Typical situations, broken down by device type:

Adata external hard drives (HD710 Pro, HD650, HV620S and others)

• A drive after a drop or impact—even on the rugged HD710 Pro line, which carries an IP68 rating and meets a military drop-resistance standard, the protection mainly shields the enclosure, not the drive inside. After a drop, do not connect or power the drive—if the read heads inside were damaged, every further spin-up can extend the damage.
• Knocking, clicking, the drive won't spin—because inside the enclosure there is a 2.5" hard drive from another manufacturer, these are the same mechanical faults as on any 2.5" drive: damaged read heads or data platters, stuck heads (stiction), motor or bearing failure.
• The drive is no longer recognized after a power surge or with a faulty USB—the cause is often a broken or damaged USB connector or a faulty USB bridge in the enclosure, but a surge can also hit the electronics (PCB) of the hard drive itself. Outwardly these states look the same; exactly what failed is only revealed by diagnostics.
• A damaged rugged enclosure—the rugged models (HD710 Pro, HD330) have a multi-layer construction with a silicone shell and a damping layer. After an extreme impact or flooding, the enclosure has to be professionally disassembled without damaging the drive or the connector inside.
• The drive is visible but reports as empty, RAW or asks to be formatted—a logical fault. The file system can be damaged by an unsafe disconnection or a power loss during writing, by bad sectors, an interrupted format or malware. This also includes the case where a drive formatted for Apple (HFS+/APFS) is connected to Windows (or vice versa)—the data is fine, the system just cannot read it. Accidentally deleted files or a performed format belong here too.

Adata SSDs (XPG Gammix, Legend, the SU line, external SE)

• An SSD suddenly vanishes from the system or does not appear in the BIOS—a common type of SSD failure. The cause is usually a failure of the controller's service data, often as a result of defective memory cells that corrupt the service data. The drive then reports zero capacity, an incorrect model designation, or switches into an emergency ("safe") mode. Sometimes, by contrast, it reports correctly but stays inaccessible on read ("busy") or returns empty sectors as if it had been wiped.
• The SSD is visible but extremely slow or returns read errors—degradation of NAND cells, a growing number of bad blocks, or a problem with the mapping (translator) between logical and physical addresses.
• An external USB SSD (SE800, SE900G, Elite SE880) is unresponsive—inside is an NVMe or SATA SSD module with a USB bridge.

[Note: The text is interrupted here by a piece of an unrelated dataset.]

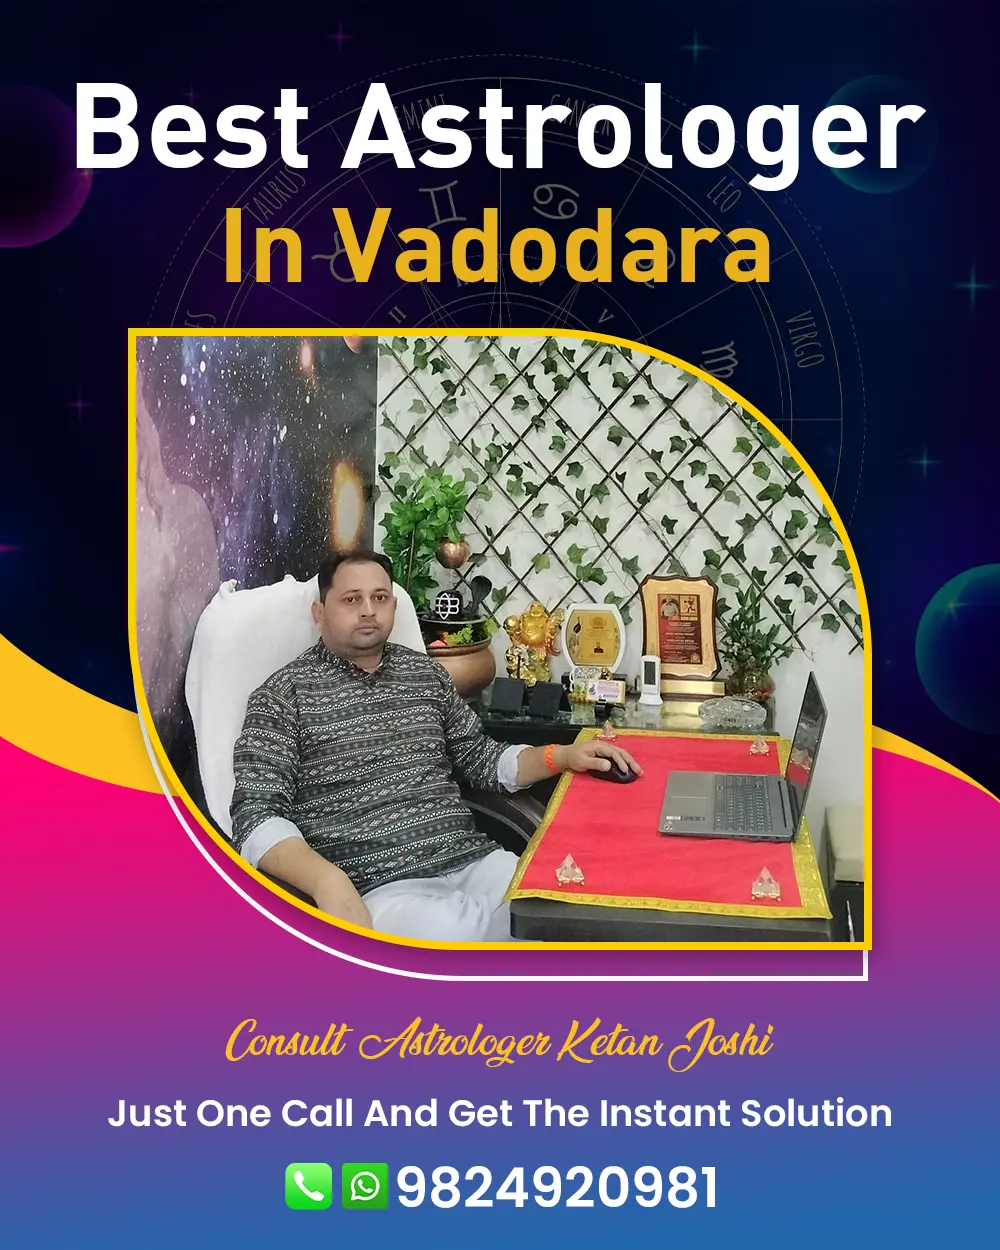 Best Astrologer In Vadodara

The bridge can fail, the SSD module itself, and on some models hardware encryption also plays a role (more in the specifics section).
• An SSD after a power surge or overheating—damage to the controller or the power section on the PCB.
• The SSD is visible but reports as empty, RAW or asks to be formatted—a logical fault (a damaged file system, deleted or reformatted partitions). On SSDs there is added urgency: after a delete or a format the controller can quickly discard the data (TRIM), so stop using the media immediately.

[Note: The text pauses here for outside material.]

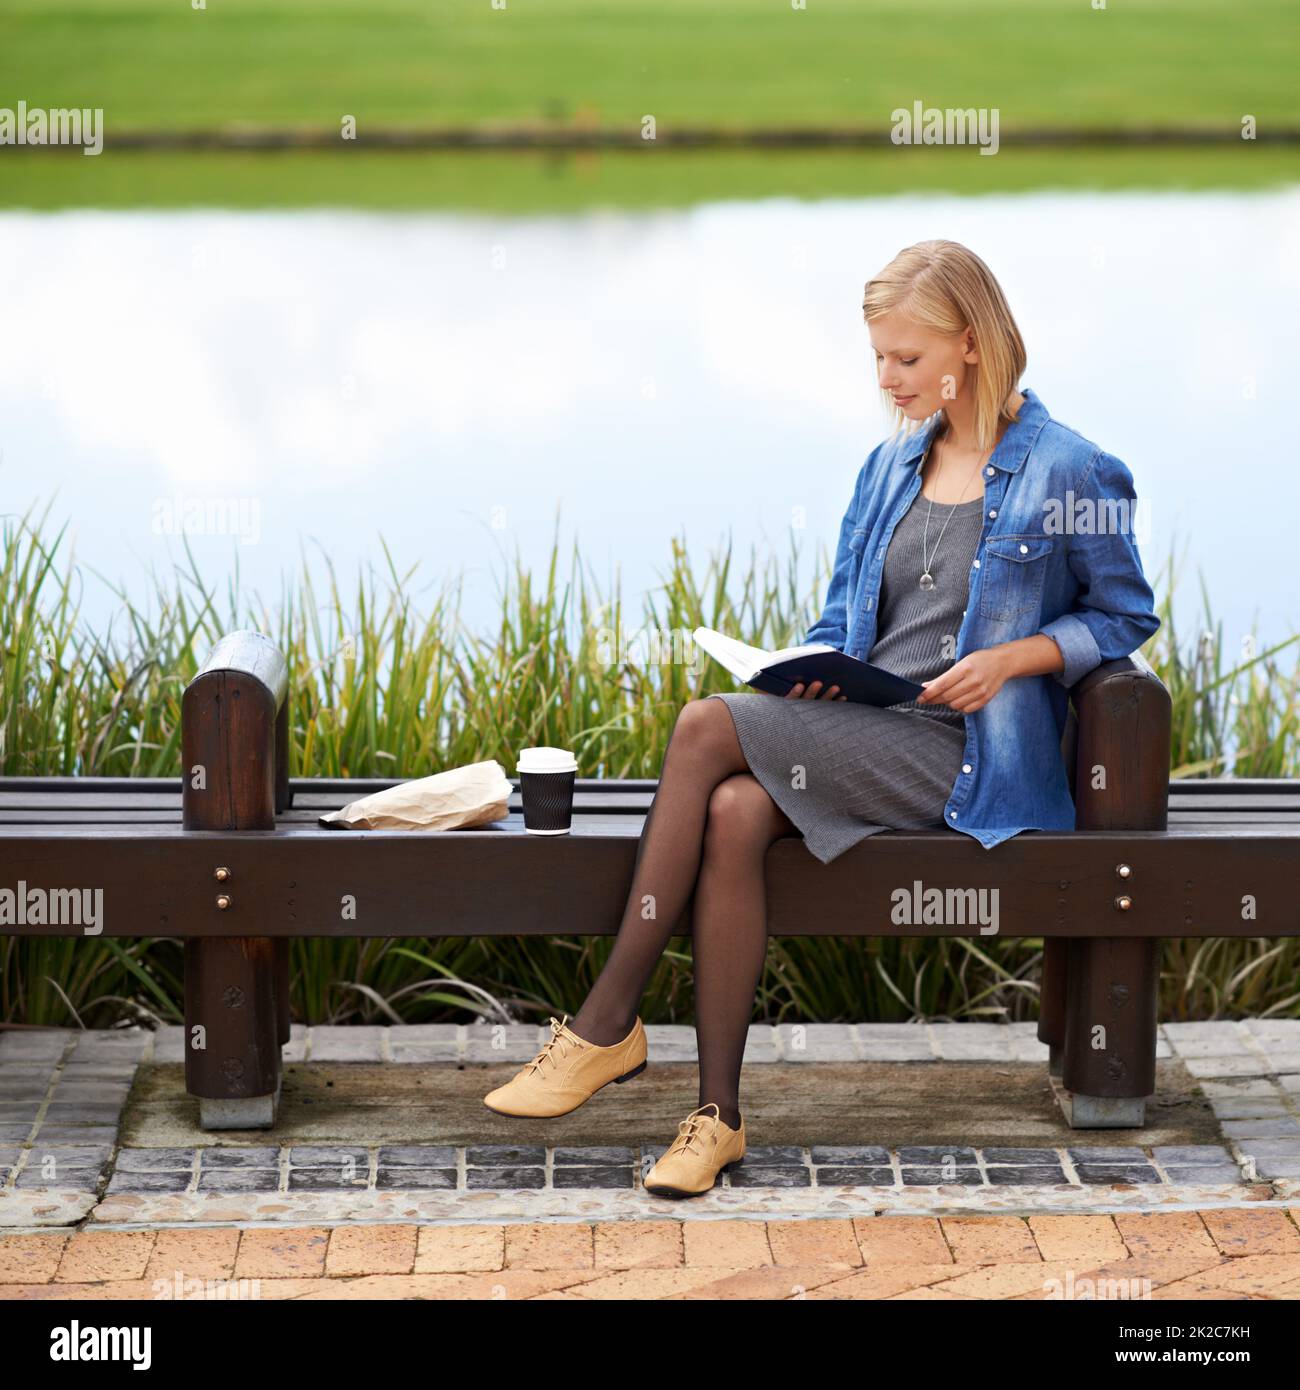 Profitez d'un moment de repos dans le parc. Photo d'une jolie femme blonde lisant un livre pendant sa pause déjeuner sur un banc de parc. Banque D'Images

Adata USB flash drives and memory cards

• A flash drive is not recognized or reports zero capacity—the cause is often a controller failure, but also defective NAND memory cells. If the problem is in the controller, the data remains in memory and it is a matter of regaining access to it.
• Mechanical damage—a broken USB connector, but also a flash drive or card that is snapped or crushed. Depending on the media's construction and whether the memory chip itself is damaged, the recovery procedure varies.
• An SD or microSD card is unreadable—the card reports as empty, RAW or asks to be formatted. On compact cards where the controller and memory sit in a single potted chip (a monolithic construction), this is a specific recovery case.
• Accidentally deleted files or a performed format—on classic flash drives and SD cards, deleted data usually remains physically intact until you overwrite it. This is not always the case, though: some devices reset the internal mapping on format, and some cards and flash drives today can discard deleted data (TRIM/UNMAP)—after which logical recovery may no longer be possible.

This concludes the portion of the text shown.